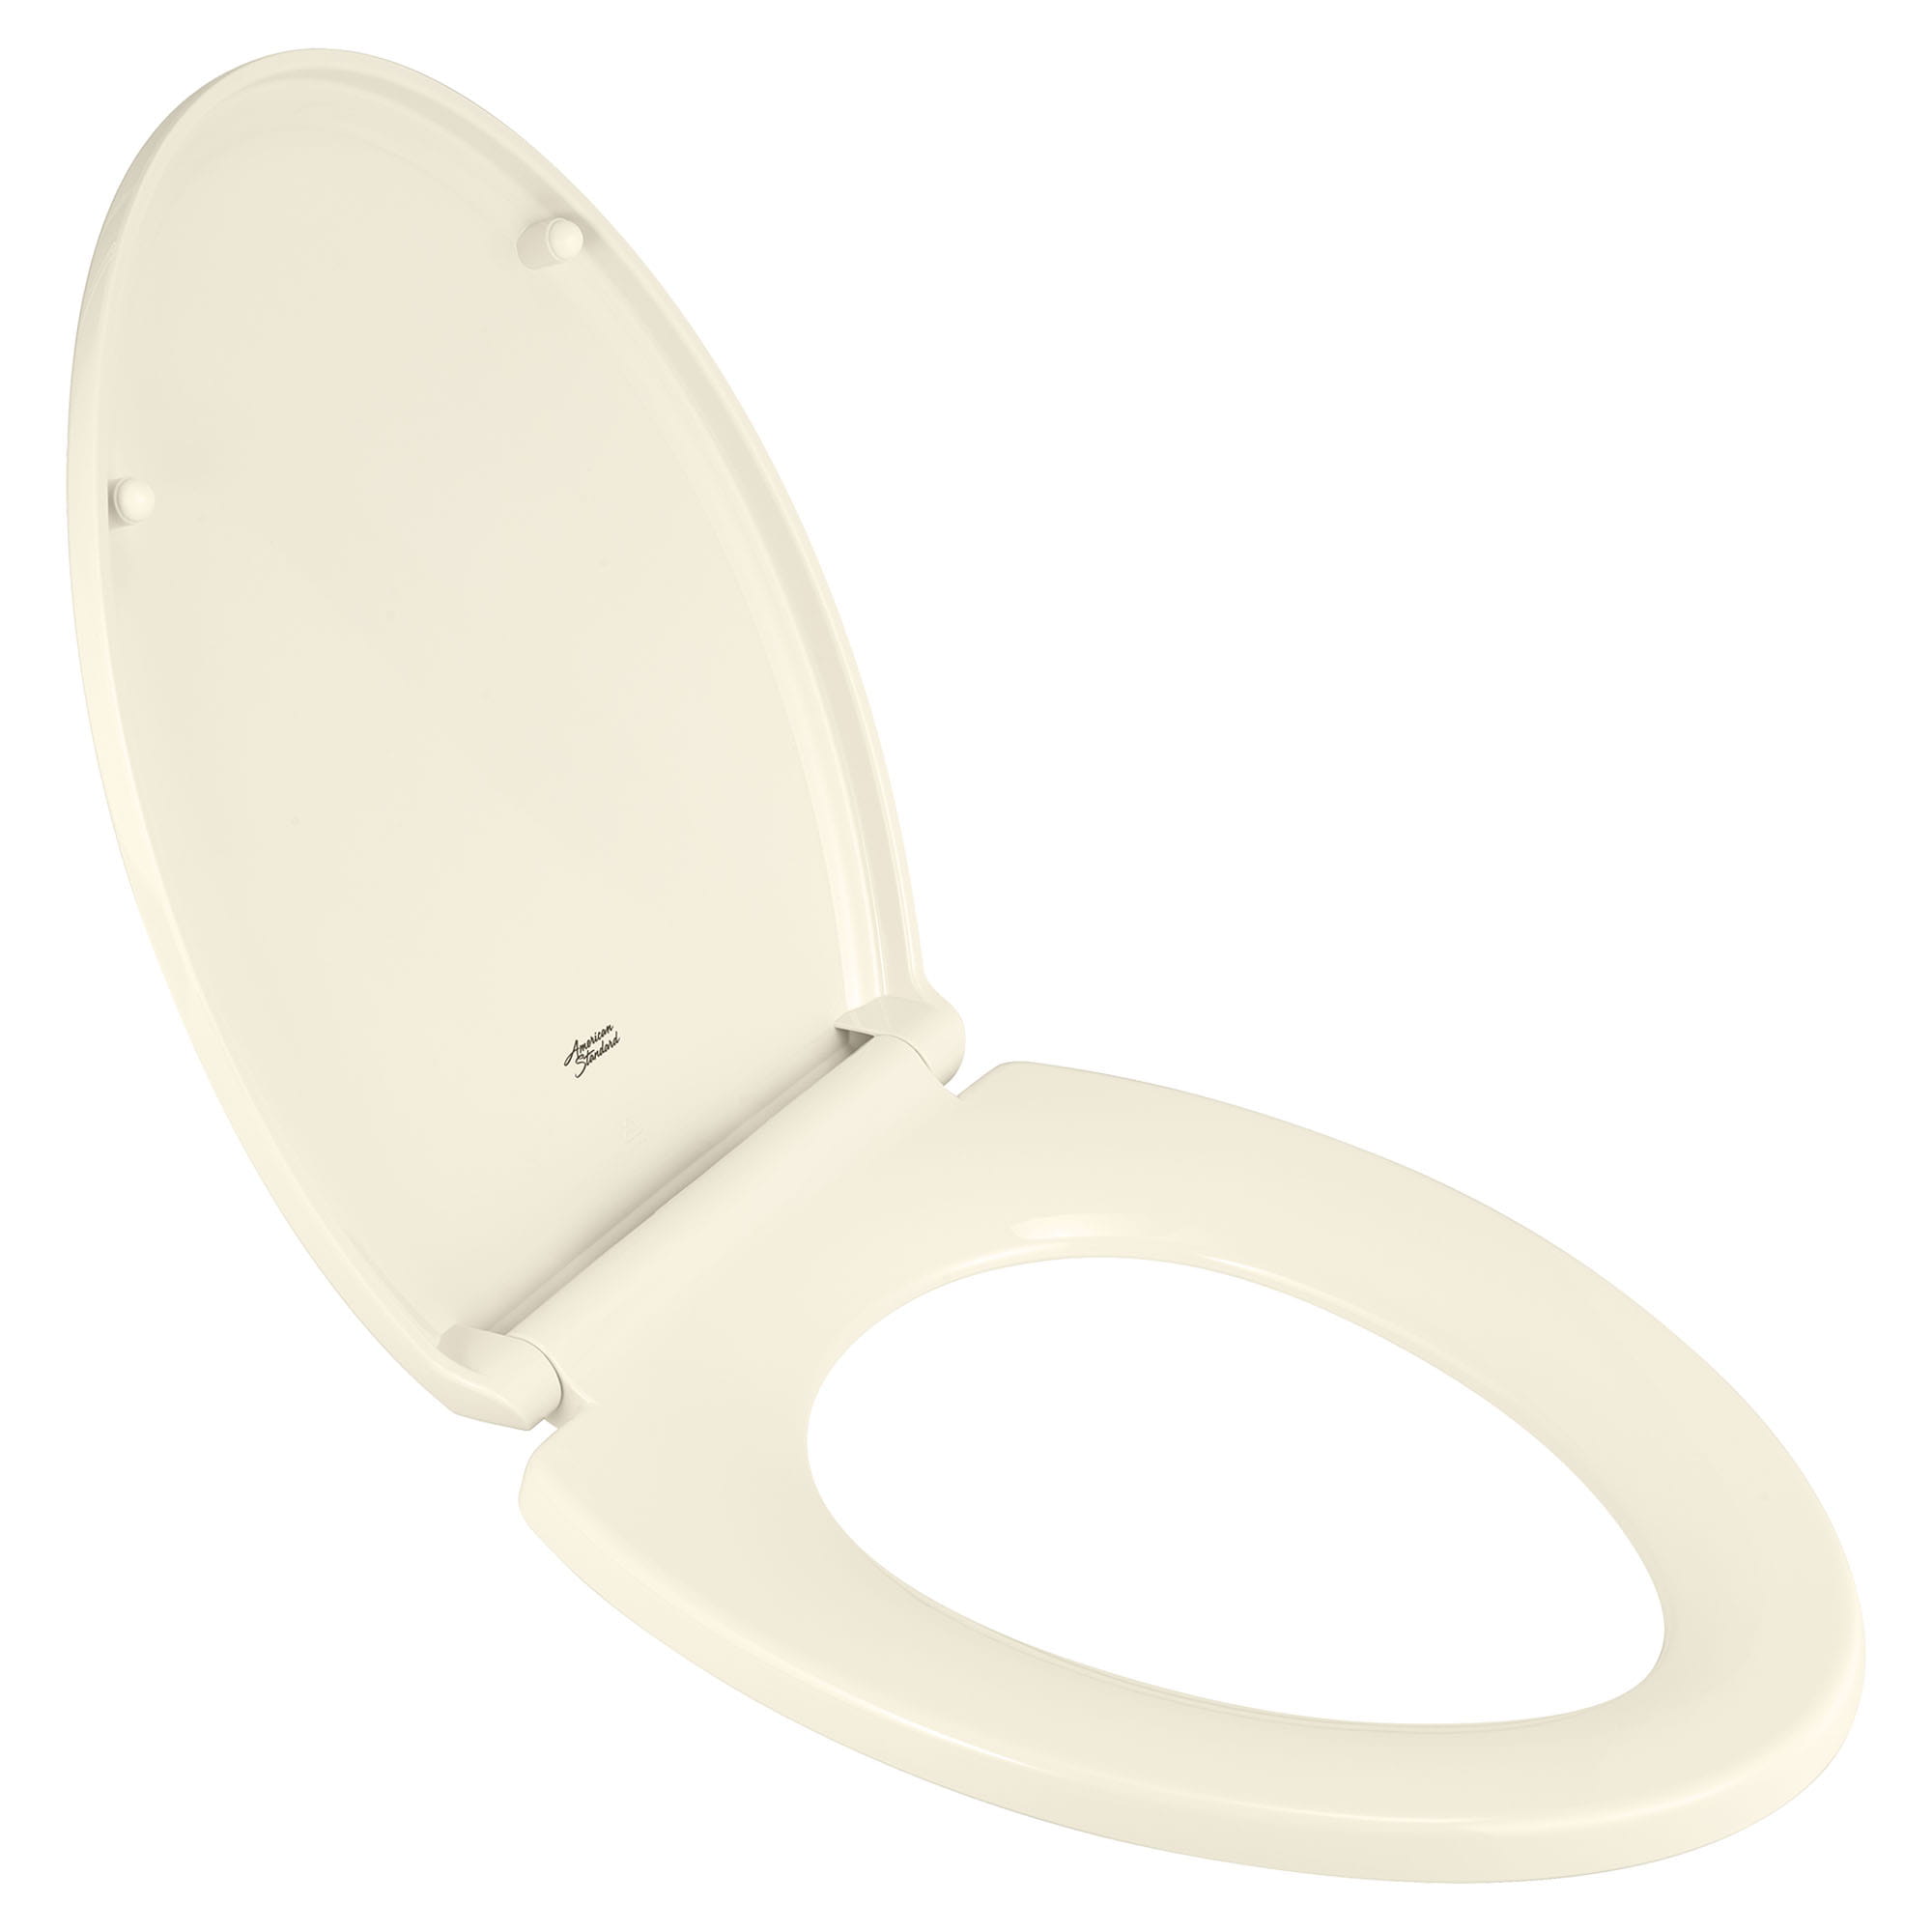 Traditional Slow-Close & Easy Lift-Off Elongated Toilet Seat
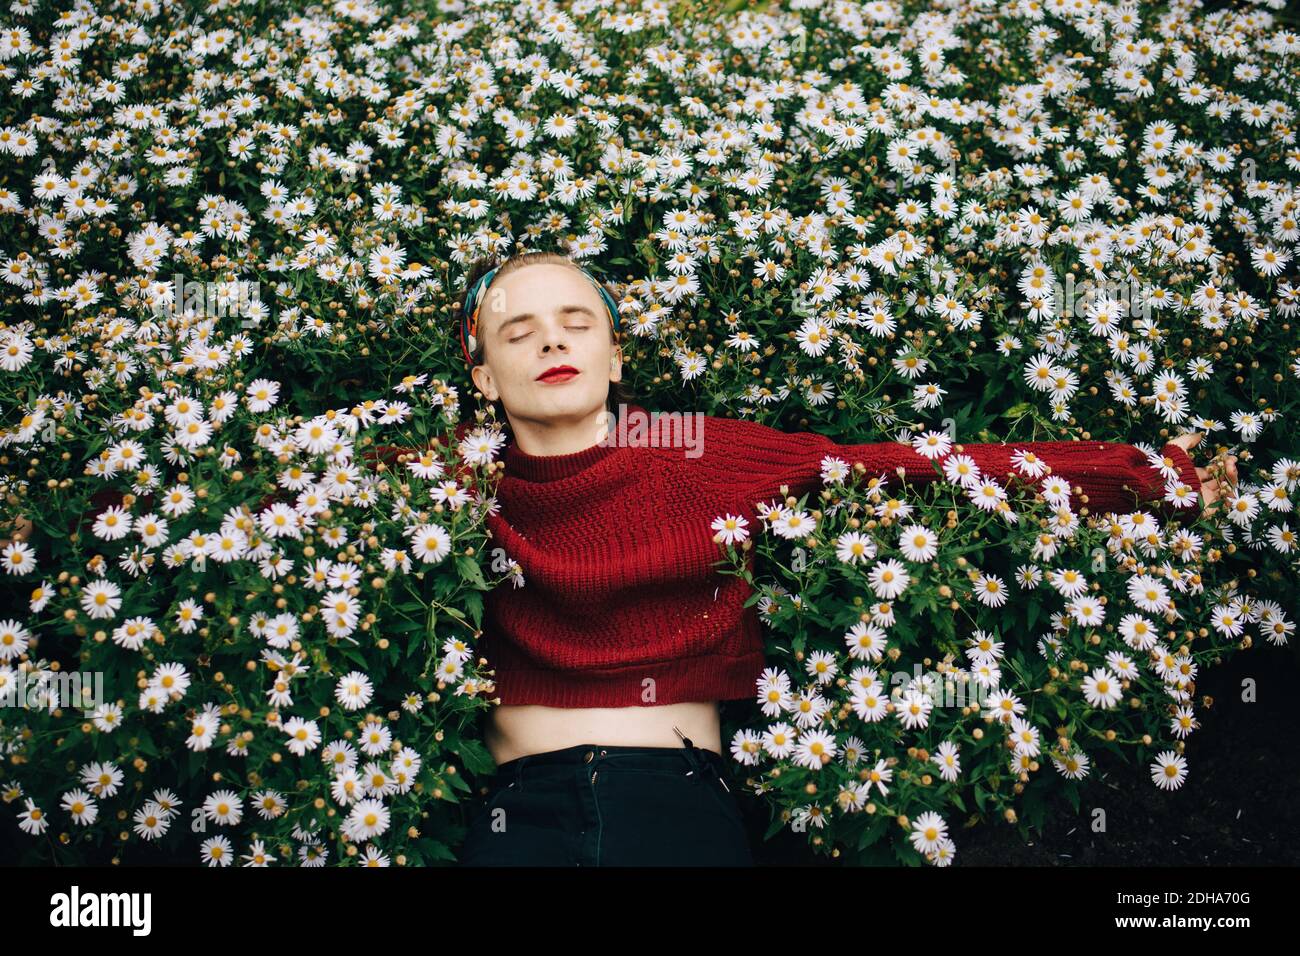 Contemplating man wearing red lipstick sleeping amidst daisy flowering plants Stock Photo
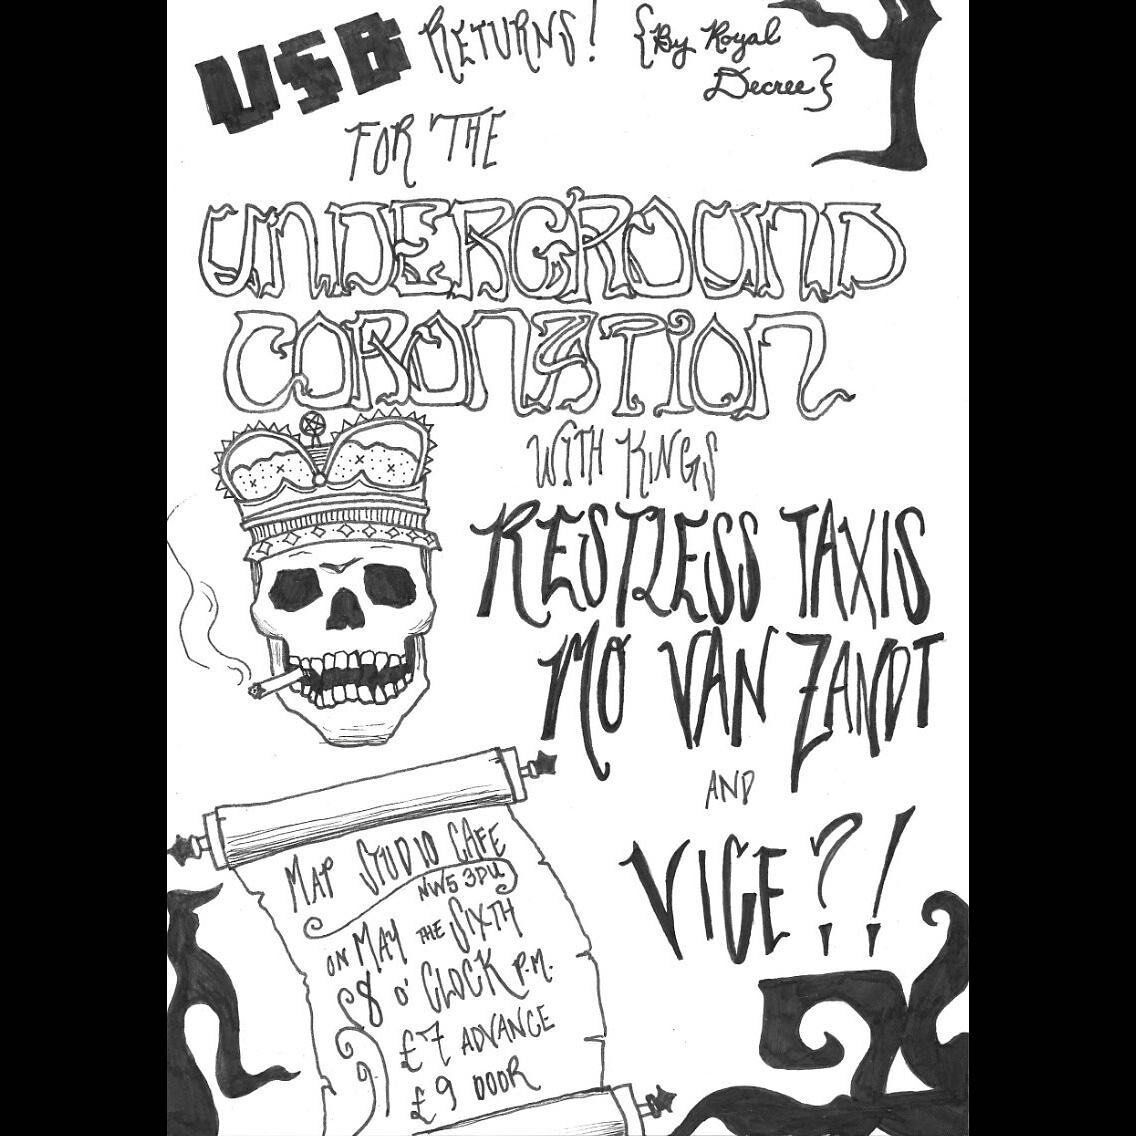 USB is back baby 👑🌐

May 6th we&rsquo;re saying a royal🖕🏾to the coronation &amp; crowning the kings of the Underground. 👑

Pull up to @mapstudiocafe and witness the coronation of Restless Taxis, Mo Van Zandt &amp; Vice?!. 

Tickets link in bio o

══════

**Work instruction**
Minus its pictures, the full listing should be copied verbatim.

**Answer space**
 Traditional Slow-Close & Easy Lift-Off Elongated Toilet Seat
 Contemplating man wearing red lipstick sleeping amidst daisy flowering plants Stock Photo
 USB is back baby 👑🌐

May 6th we&rsquo;re saying a royal🖕🏾to the coronation &amp; crowning the kings of the Underground. 👑

Pull up to @mapstudiocafe and witness the coronation of Restless Taxis, Mo Van Zandt &amp; Vice?!. 

Tickets link in bio o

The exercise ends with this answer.